## Exercise instructions:
Because the copy must hold no pictures, return the data below with all of its words intact.
Dataset content Block Start
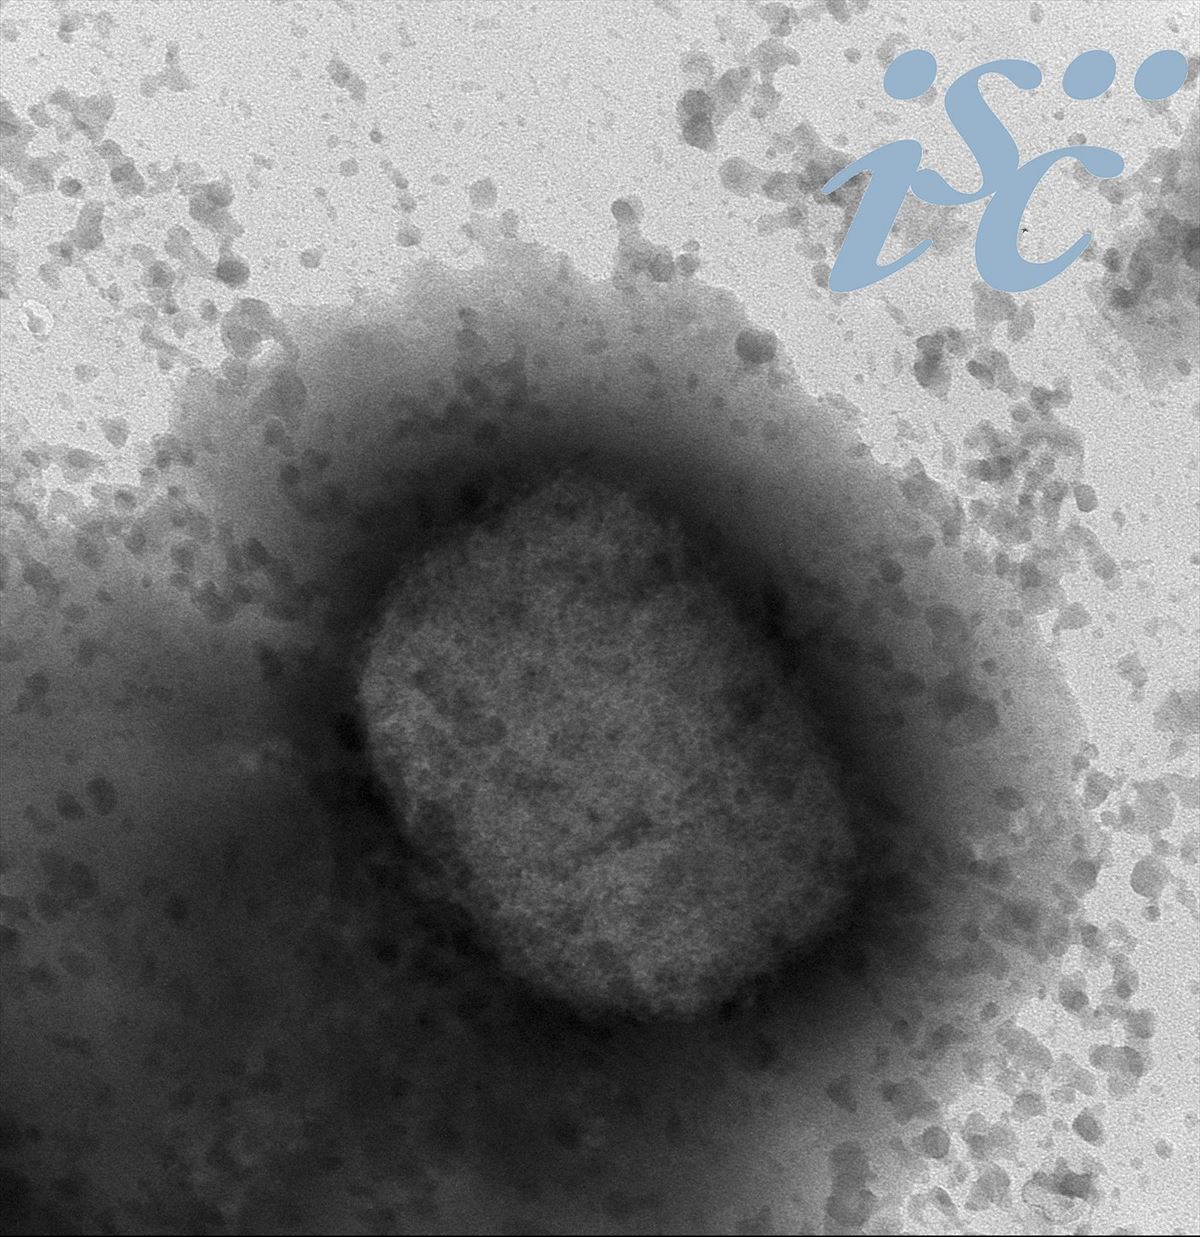 Virus de la viruela del mono por microscopía electrónica, facilitada por el Instituto de Salud Carlos III (ISCIII).
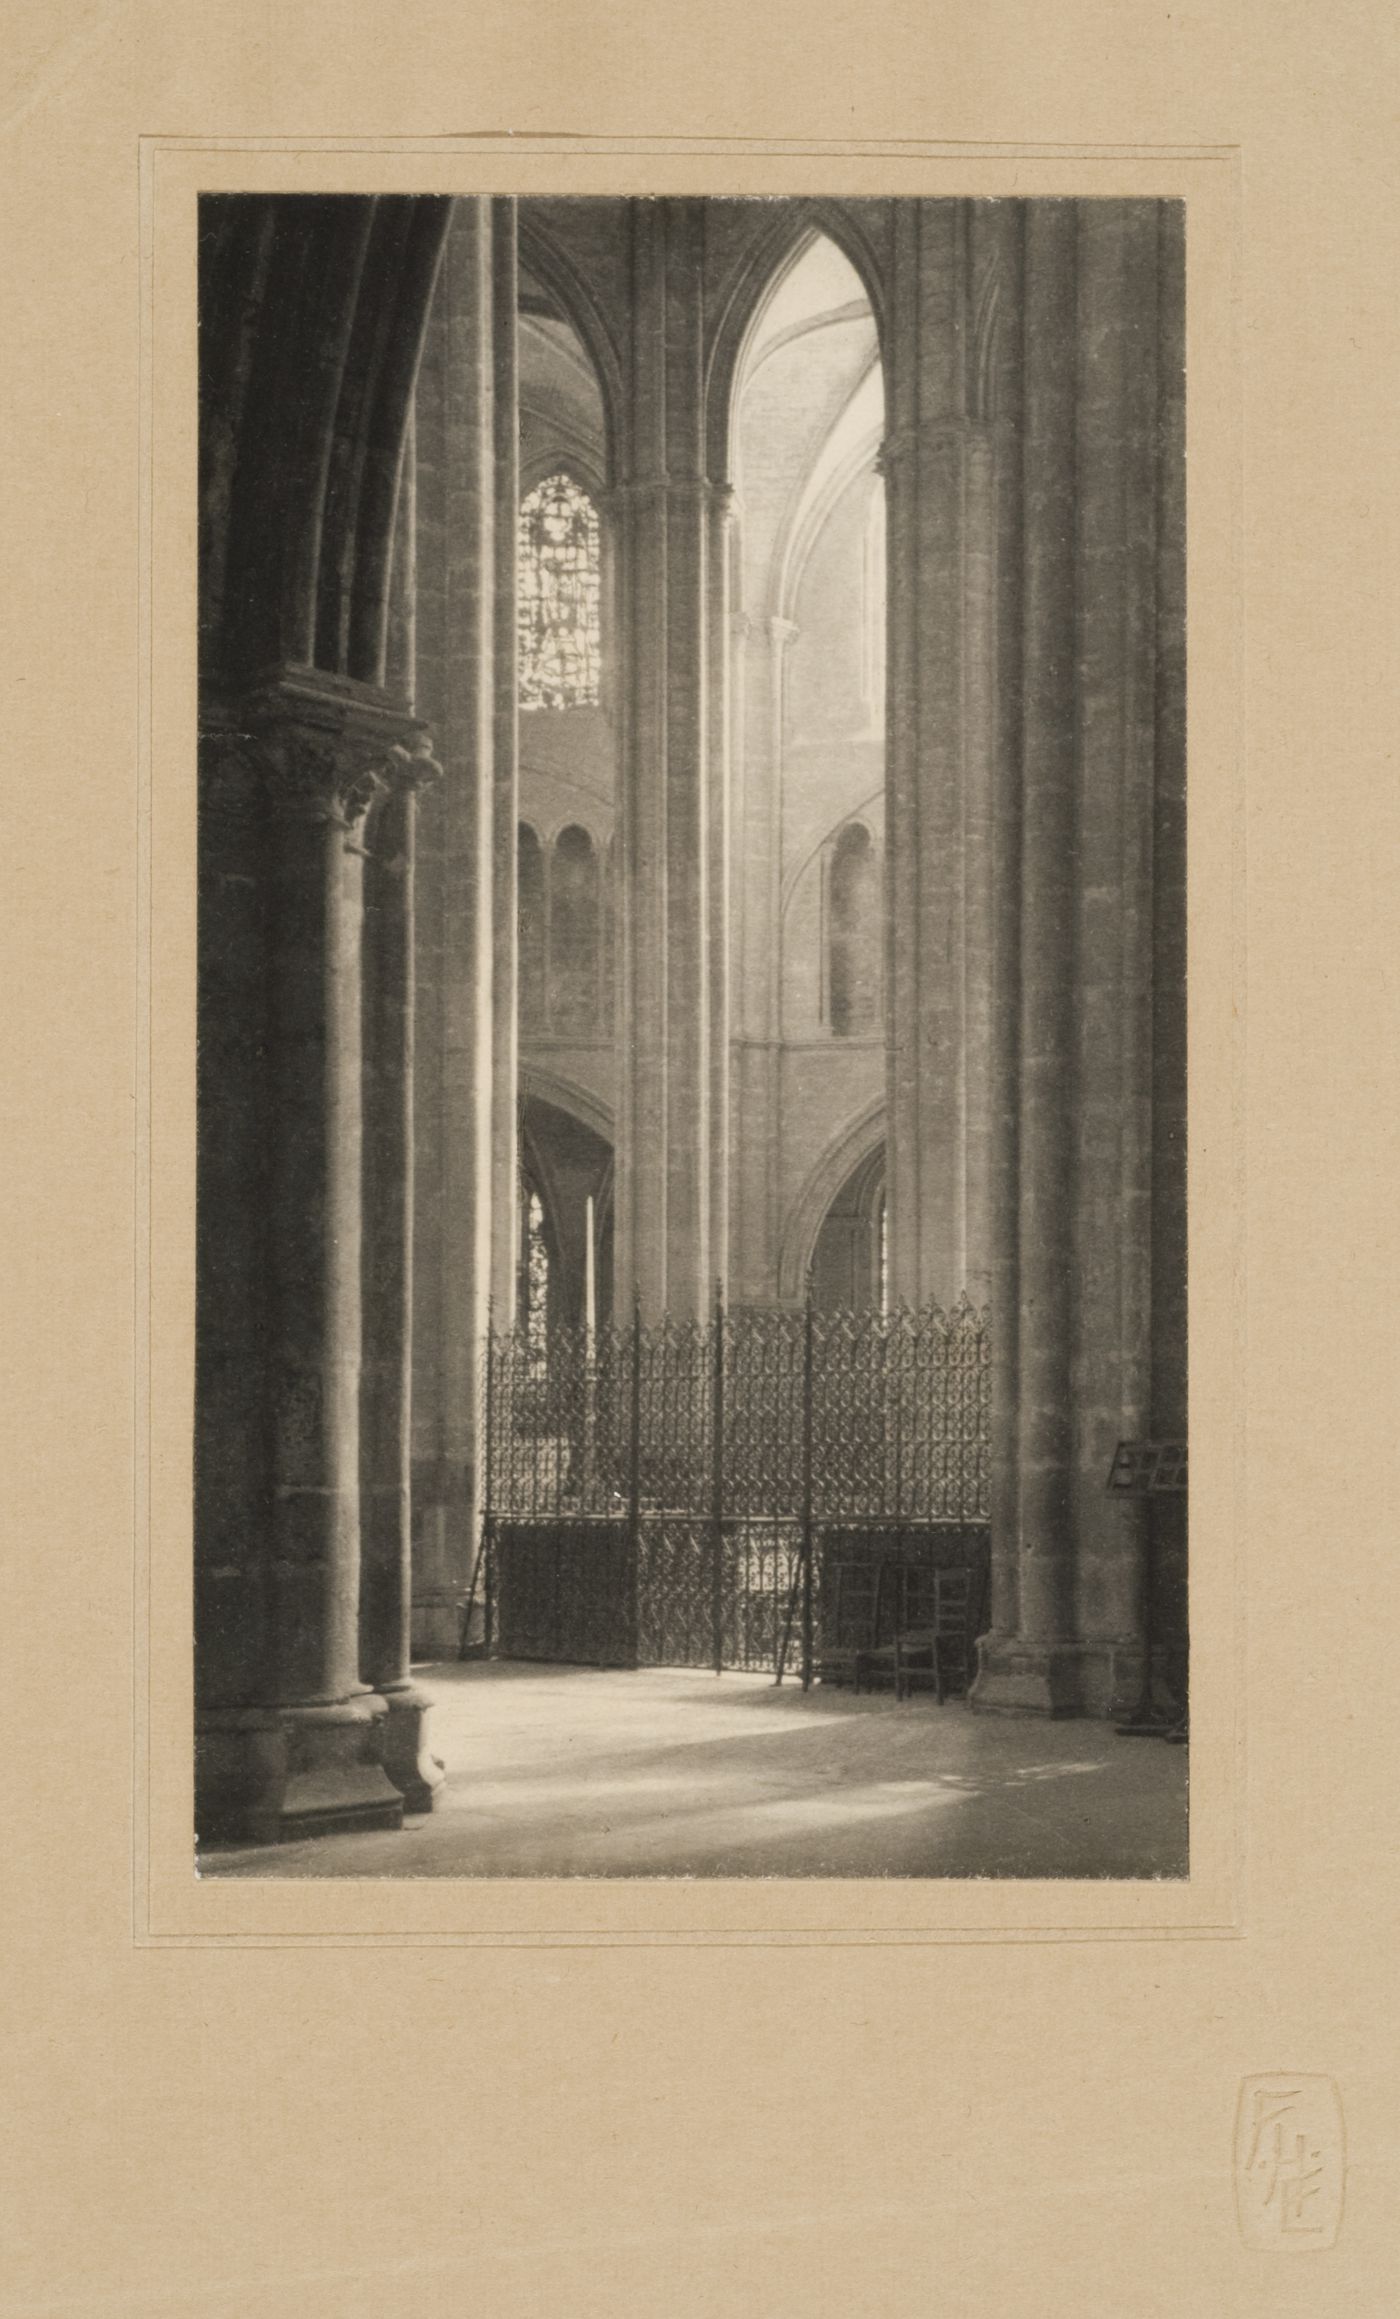 Interior view of Cathédrale Saint-Etienne de Bourges, Bourges, France
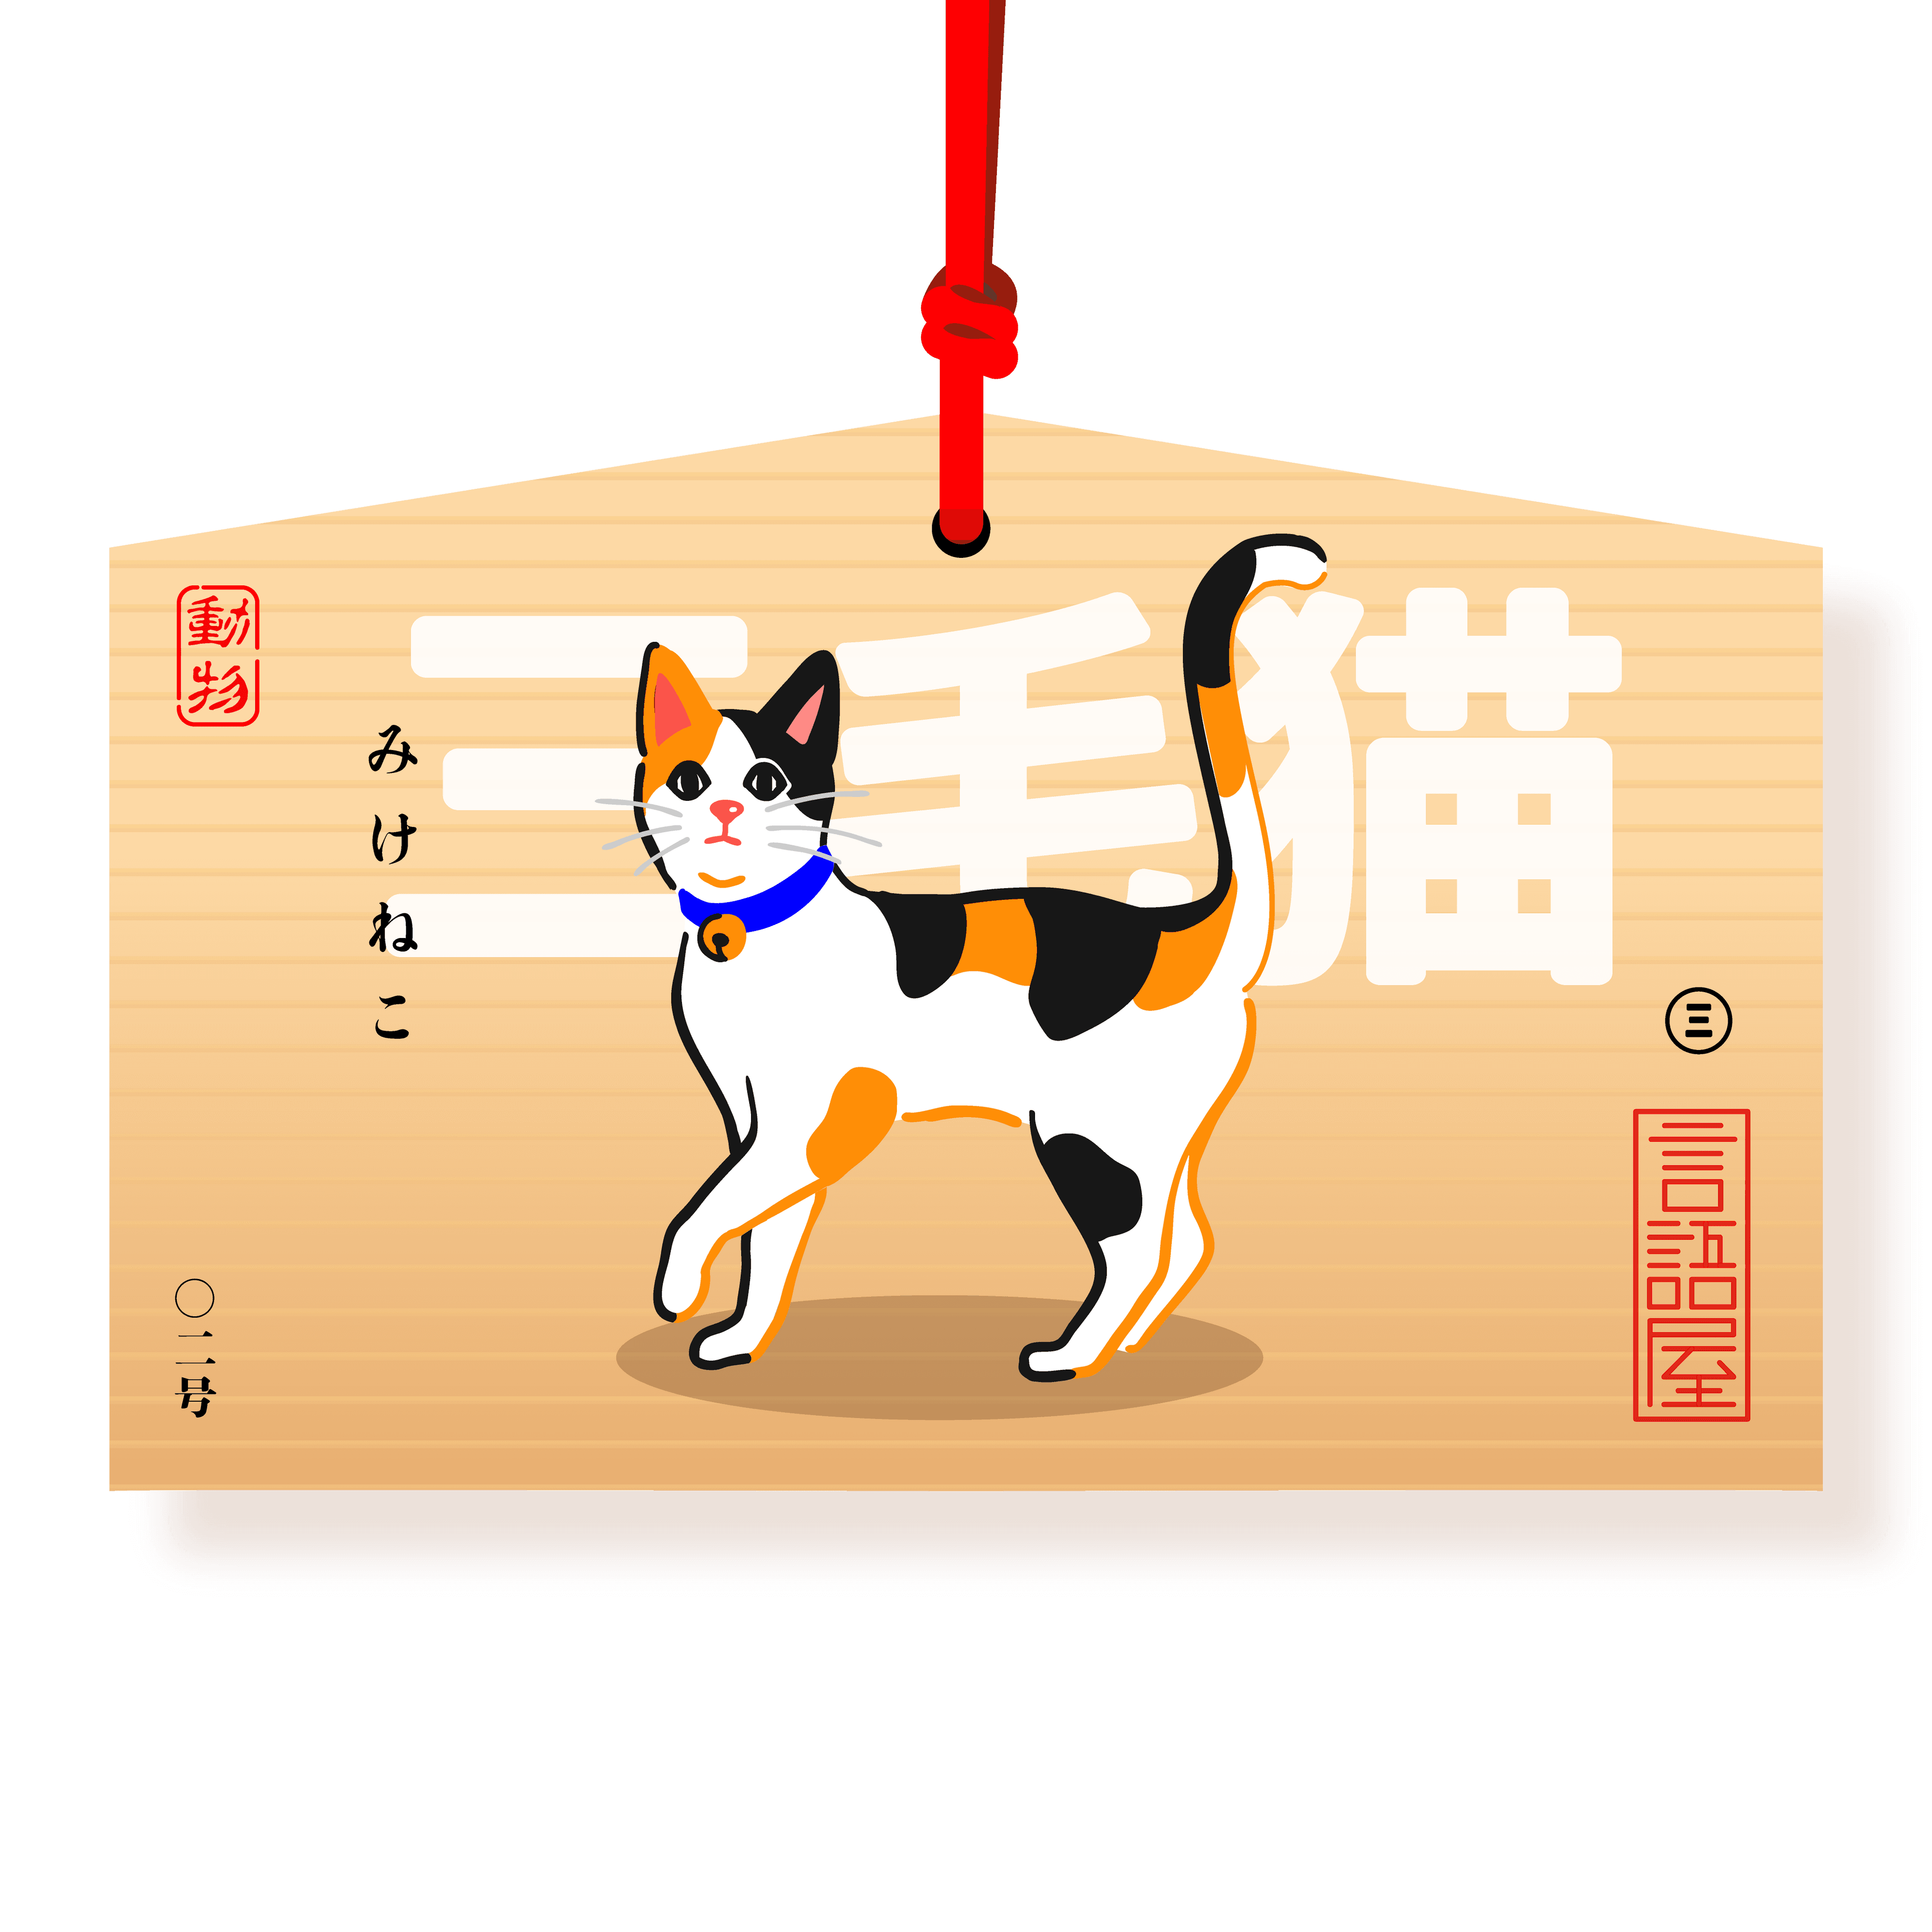 Calico Cat | Mikeneko 三毛猫
Dataset content Block End
## Result:
 Virus de la viruela del mono por microscopía electrónica, facilitada por el Instituto de Salud Carlos III (ISCIII).
 Interior view of Cathédrale Saint-Etienne de Bourges, Bourges, France
 Calico Cat | Mikeneko 三毛猫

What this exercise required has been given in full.